Maxwell Dunlop
„Paradox Reality“
September 1st – October 28th 2023
opening reception: September 1st, 5 -8pm
Berlin Art Week : September 14. 12-8pm, 15. 12-9pm, 16. 12-7pm, 17. 1-6pm
Maxwell Dunlop creates ambiences of peculiar gravity, spaces which narrate with suspension in the one hand and reveal a wide, calm timelessness on the other hand. Dunlop’s interiors depict sumptuous halls and prestigious foyers of a bygone, “classical” era. While these interiors are thoroughly marked by civilizational design and history, they still seem strangely large, deserted, and dark, as if after their inhabitants had moved out. Human artefacts are placed here in distant perspective, like visiting a museum out of hours.
He describes it in his own words:„Representational painting is often seen as an inherent contradiction. The four dimensions of reality are expressed within the two dimensions of the picture plane. A brush stroke presents itself to the viewer as a simultaneous paradox, a pure physically flat material, andan illusion of some external reality. However, human perception of reality is much more inline with the act of painting than we previously believed because our mental models of existence are contradictory fabrications themselves. The physical reality of the universe is far too complex for us to experience. There is too much data for the human brain to perceive or process, yet our mental models of reality are more than just data compressions of base reality. Our models are subjective, fluid, biased, unique, and flawed. My work investigates and amplifies the multiple layers of contradictions that make up the human experience. The spaces in these paintings were constructed using a mixture of references from art history, human history, memory, and direct observation.
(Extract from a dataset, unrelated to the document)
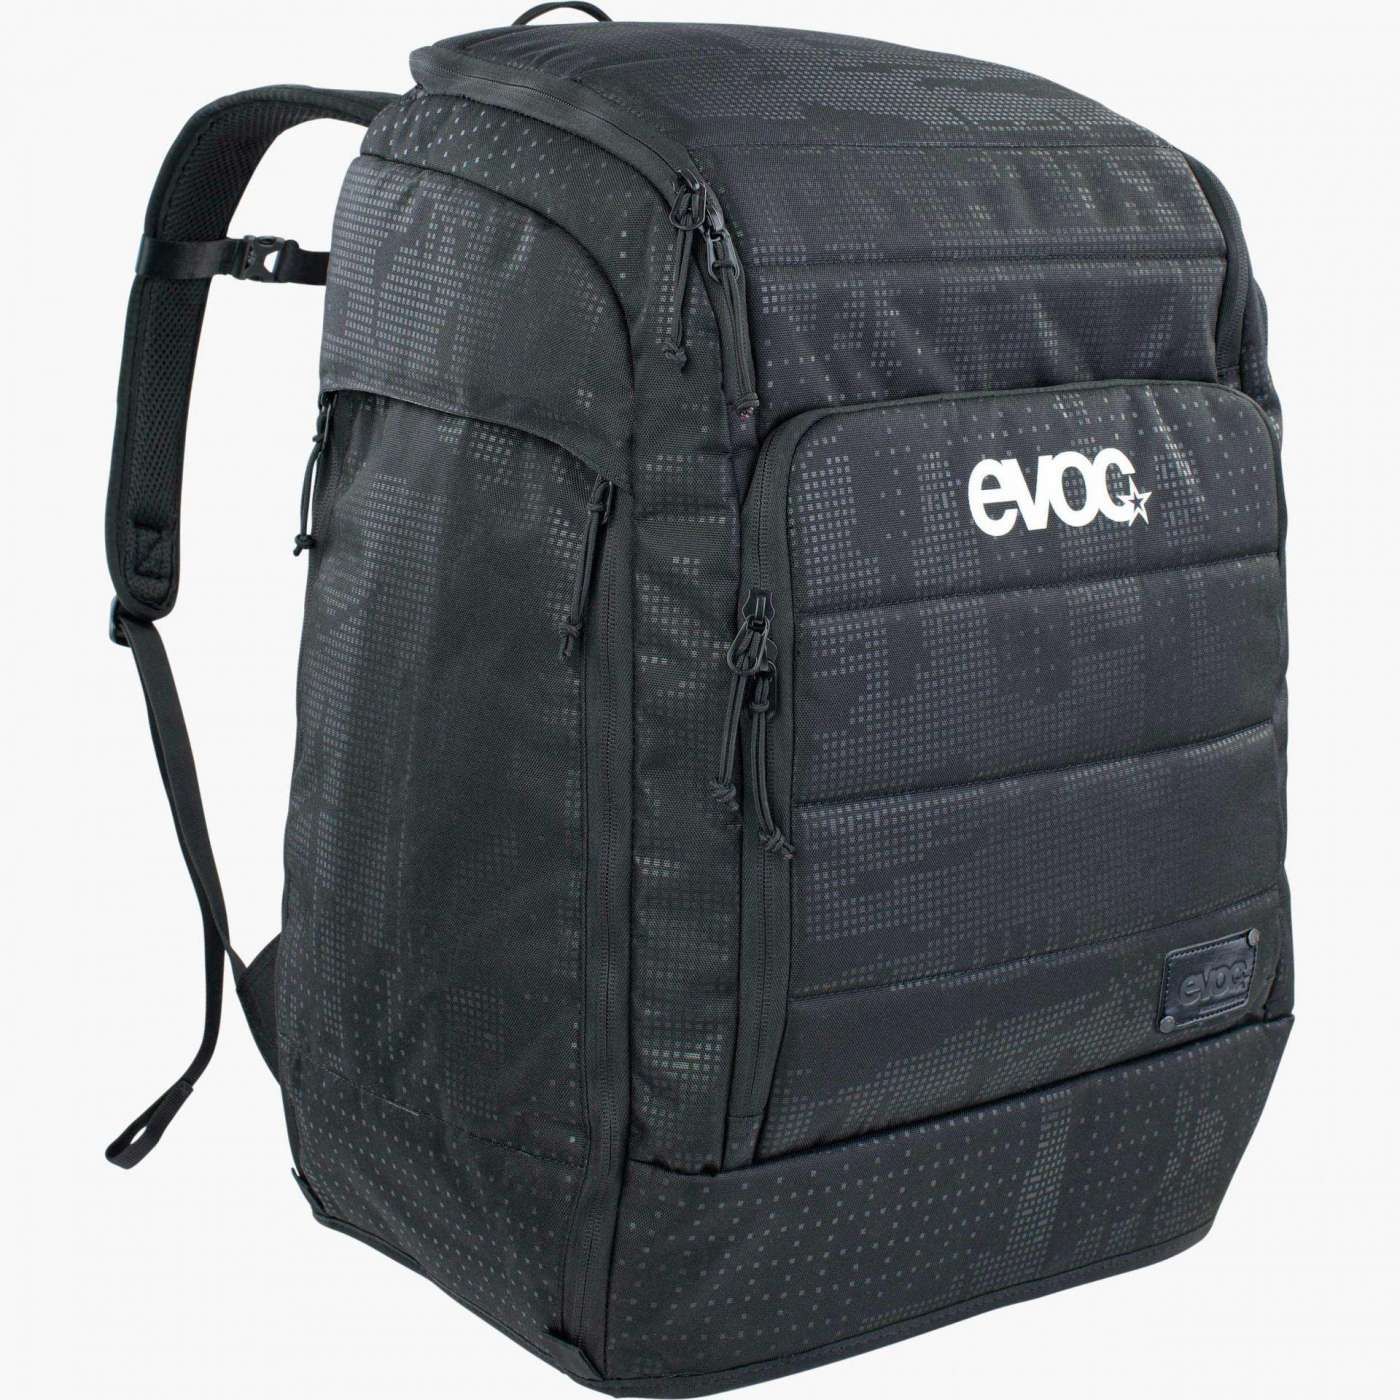 Evoc Reppu Gear Backpack, Black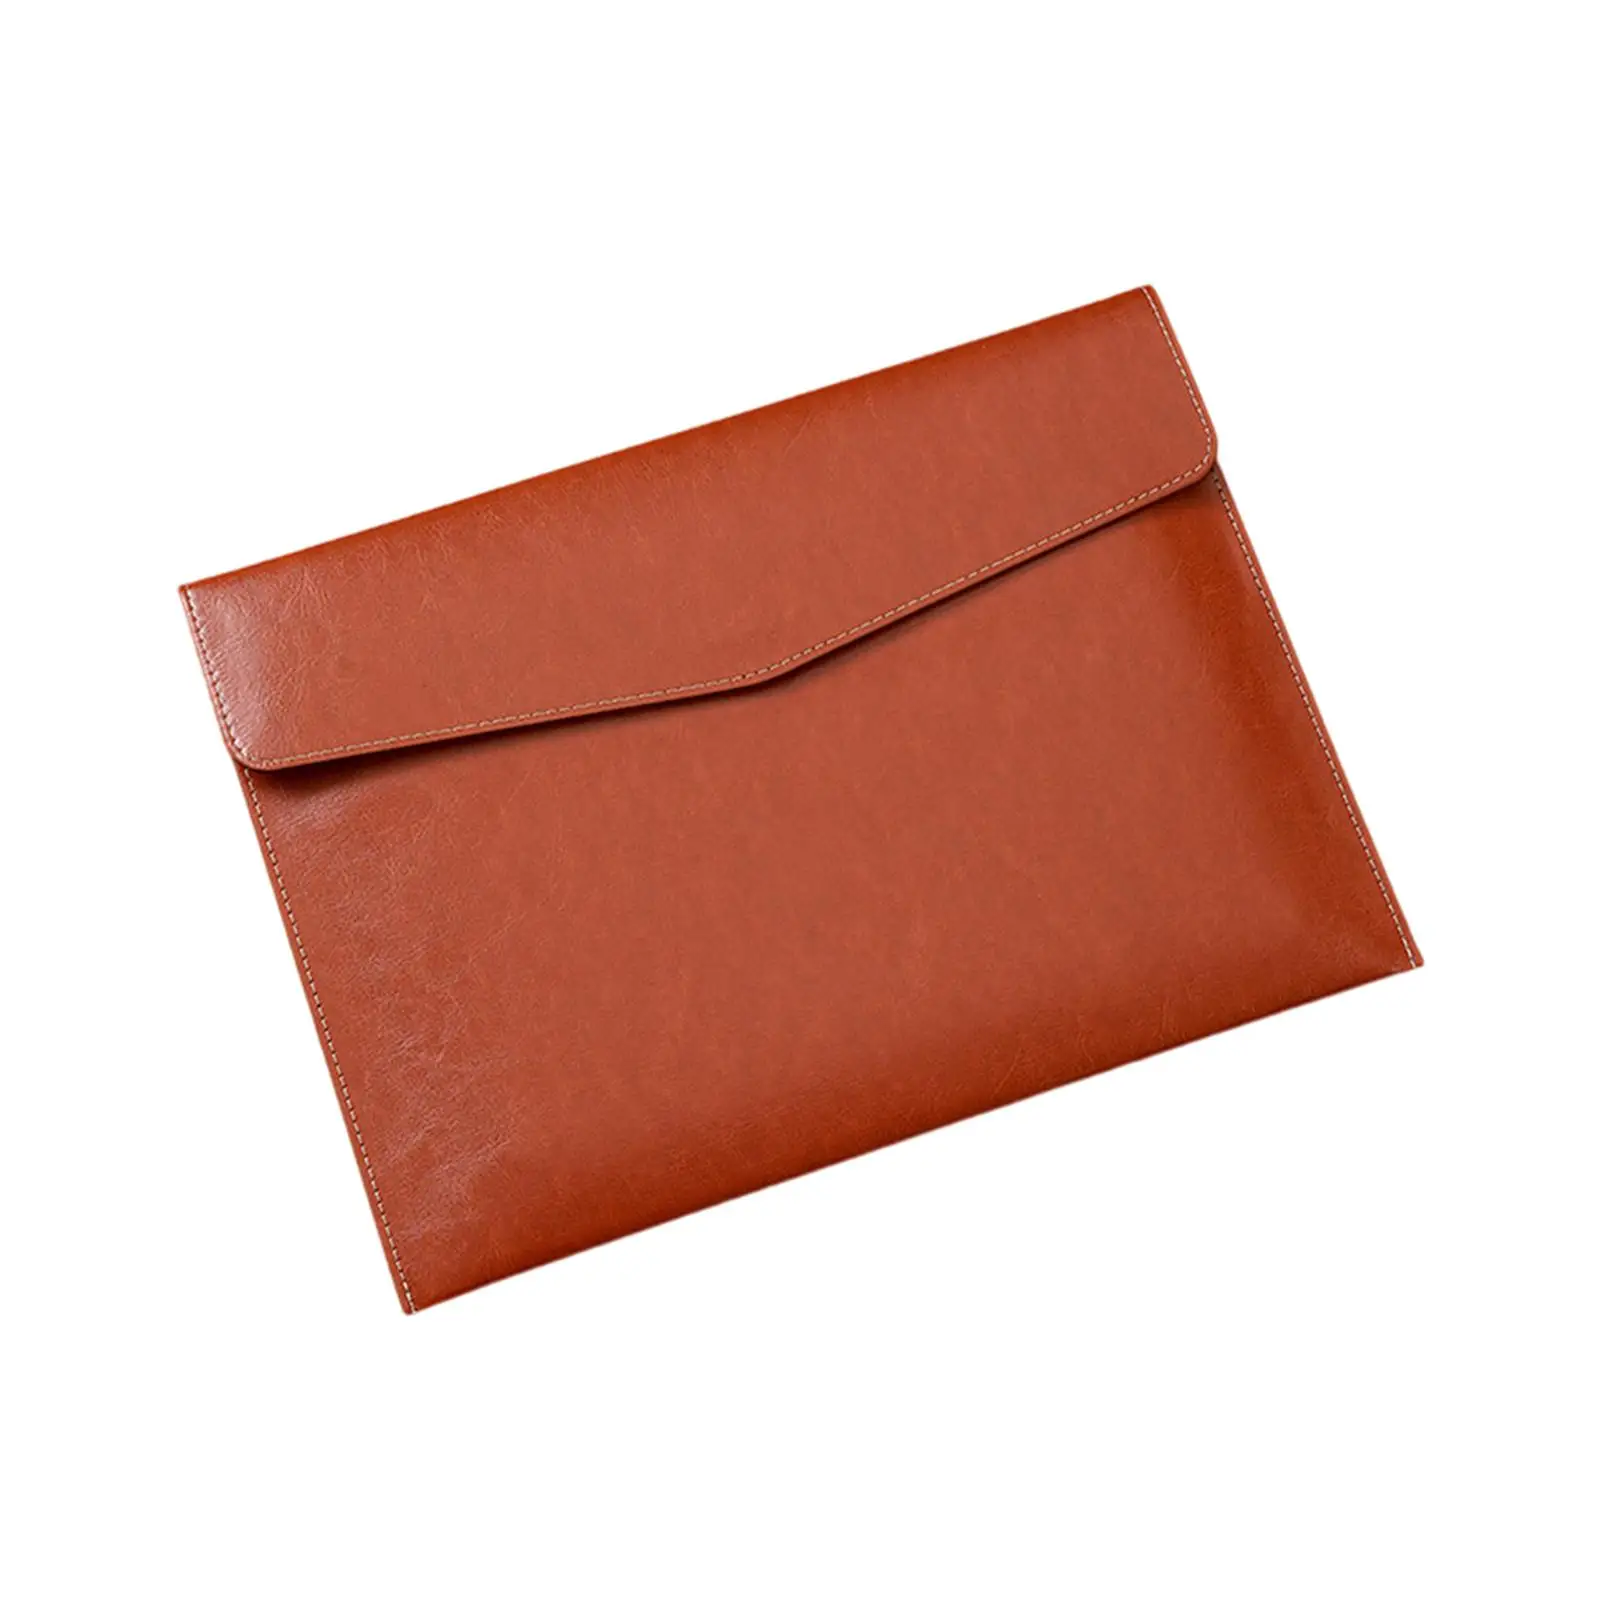 PU Leather Folder Waterproof Portfolio Portable Large Capacity Envelope Folder Case for Office Family Teaching Commercial Travel

My paintings are symbols that represent and challenge the substructure of our broader cultural and historical environment. They are real and imagined, they exist in the past and the present, and they criticize the history that they represent Primarily though, these are paintings. They exist where abstraction and representation vibrate against each other, and the viewer can project their own subjective experiences into the ambiguity of the paint.“
Maxwell Dunlop, born in 1983, grew up on the East Coast of the USA in southern New England as the son of a renowned painter. He studied painting at the Art Institute of Boston from 2001 to 2005, graduating with a Bachelor of Fine Arts. Dunlop lives in Germany and in the USA. His paintings are represented in collections internationally.